- Policy meant to ease migration surge after Title 42 expired
- Court says policy is functionally same as one that was vacated
The Department of Homeland Security’s parole policy intended to help mitigate a migration surge in the wake of Title 42’s expiration has been halted by a federal judge in Florida.
Judge T. Kent Wetherell II of the US District Court for the Northern District of Florida granted a preliminary injunction blocking the immigration policy called “Parole with Conditions” on Tuesday. The Pensacola-based judge said the policy was functionally the same as another he vacated in March.
The policy would allow parole authority to allow people into the country on the condition they schedule an appointment with US Immigration and Customs Enforcement within 60 days.
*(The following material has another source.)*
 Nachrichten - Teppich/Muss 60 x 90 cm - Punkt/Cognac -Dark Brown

Attorneys for the State of Florida filed an emergency motion for a temporary restraining order, which was granted, on May 11. Both Florida and DHS then asked for a preliminary injunction,the latter so the US could seek appellate review of the court’s decision.
DHS said the parole policy was meant to help stem the immigration crisis. But the court said the policy isn’t “as big of a deal as DHS is making” it because the number of border encounters is much lower than the agency predicted.
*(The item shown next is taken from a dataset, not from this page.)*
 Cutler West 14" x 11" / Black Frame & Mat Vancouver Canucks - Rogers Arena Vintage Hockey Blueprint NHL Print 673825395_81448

Recent data shows that the number of people arriving “was about one-third the number predicted in the declaration that DHS relied on in support of its argument that the sky will fall” if the parole policy isn’t implemented, said Wetherell, a 2019 appointee of President Donald Trump.
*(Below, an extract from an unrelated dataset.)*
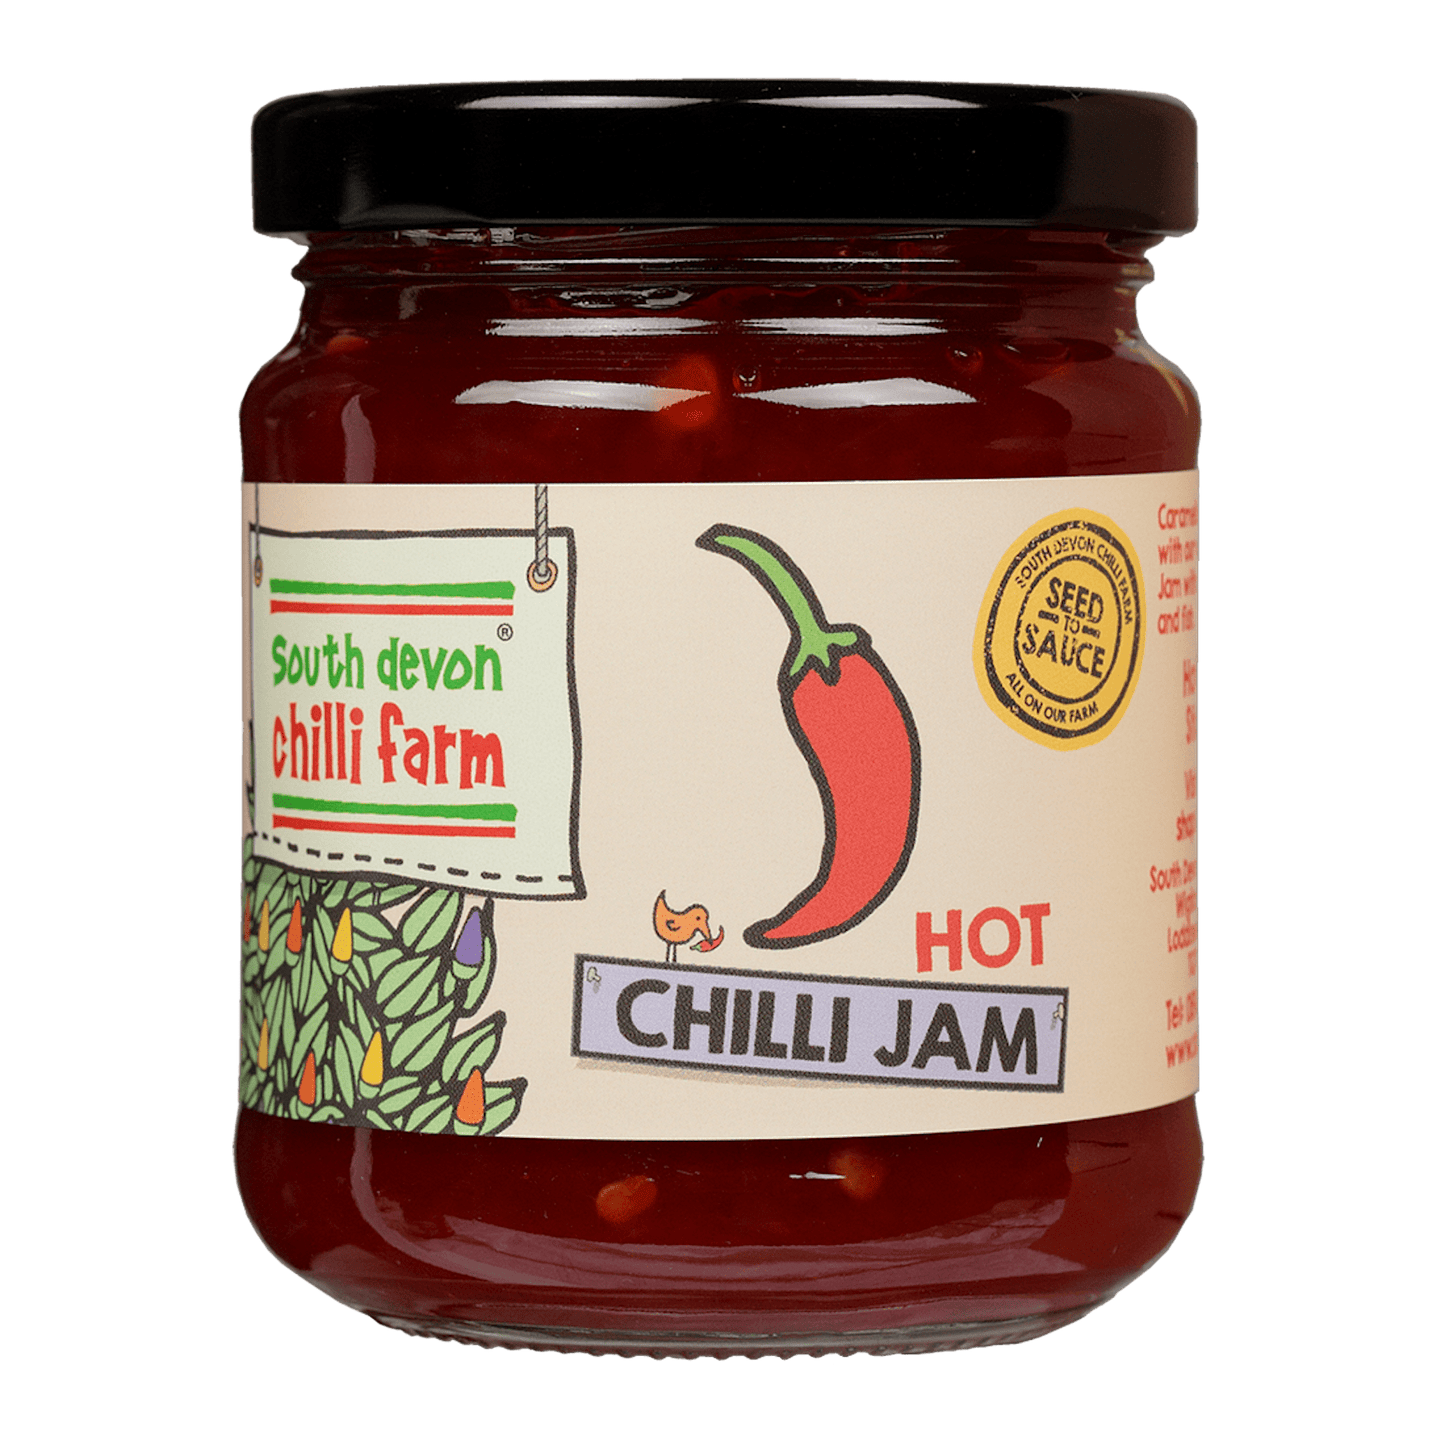 Hot Chilli Jam 250g South Devon Chilli Farm

The court cited to reasoning it used when granting the restraining order, saying it was unpersuaded by DHS’s arguments.
The policy “does not reflect any consideration of the additional backlog that will likely be created by releasing aliens into the country without initiating immigration proceedings and then having to track them down to do so if they do not report to ICE,” Wetherell had said when granting the TRO.
The department’s “doomsday rhetoric rings hollow” because DHS created the problem “through the adoption of implementation policies that have encouraged the so-called ‘irregular migration’ that has become fairly regular over the past 2 years,” Wetherell wrote in that same May 11 order.
The case is Florida v. Mayorkas, N.D. Fla., No. 3:23-cv-09962, 5/16/23.